Djibo KA, secrétaire général de l'union pour le renouveau démocratique : « Macky Sall peut réussir si on le laisse travailler »

Le patron de l’Union pour le renouveau démocratique (Urd), Djibo Kâ, ne semble pas admettre la présence des ténors de la classe politique sénégalaise aux côtés du président de la République, Macky Sall. Il craint que le président soit l’otage de ses alliés. M. Kâ rappelle que seul le leader de l’Alliance pour la République a été élu par les Sénégalais. Il  dénonce également la transhumance politique et décrie la mise en œuvre de coalitions pendant les élections législatives.

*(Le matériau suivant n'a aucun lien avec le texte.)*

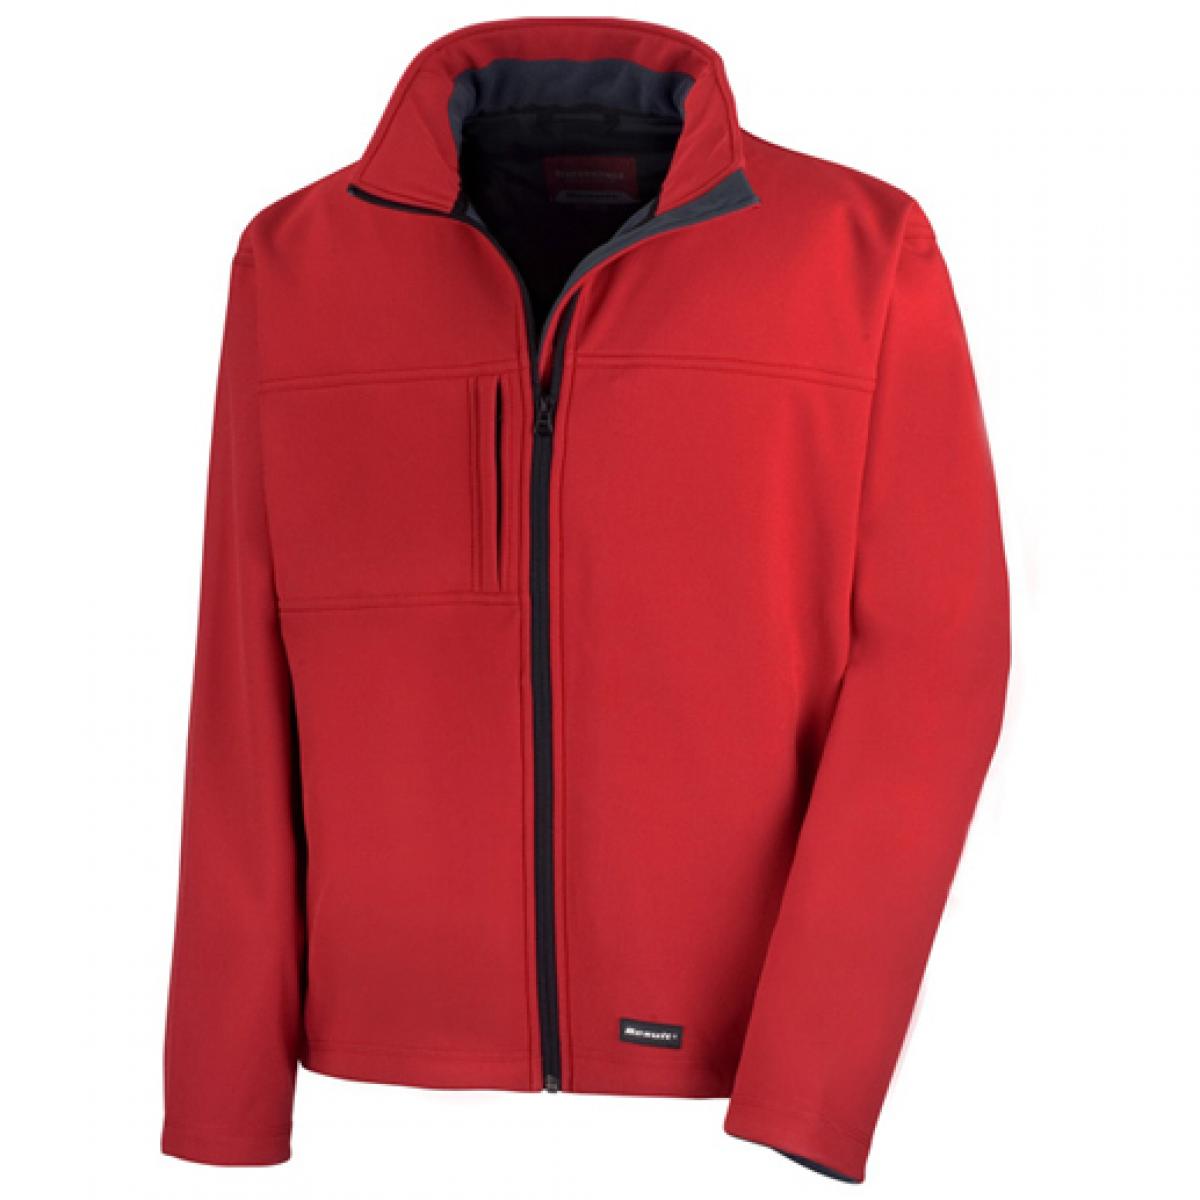 Hersteller: Result Herstellernummer: R121M Artikelbezeichnung: Classic Soft Shell Jacket Farbe: Red

Le Sénégal vient d’installer les députés de la 12ème législature. Quel regard portez-vous sur la composition du Parlement ?
«Je rends grâce à Dieu qui m’a permis d’être présent encore dans le jeu à la suite d’une campagne qui n’en est pas une, faute de moyens adéquats, surtout financiers et logistiques. Cette Assemblée nationale me fait peur.  J’ai une impression forte que c’est pratiquement ce qui s’est passé au Mali en 2002 sous Amadou Toumani Touré. Tout le monde était avec Att. Il n’y avait même pas d’opposition. Tout le monde dans un panier me fait peur en tant que démocrate. Mais je fais confiance aux Sénégalais, parce qu’ils savent ce qu’ils veulent. Ce sont eux qui ont décidé ainsi. Rendons grâce à Dieu pour que notre pays ne sombre pas. J’entends dire que ce sera une Assemblée de rupture. Pour l’instant, nous n’avons pas encore une assemblée de rupture».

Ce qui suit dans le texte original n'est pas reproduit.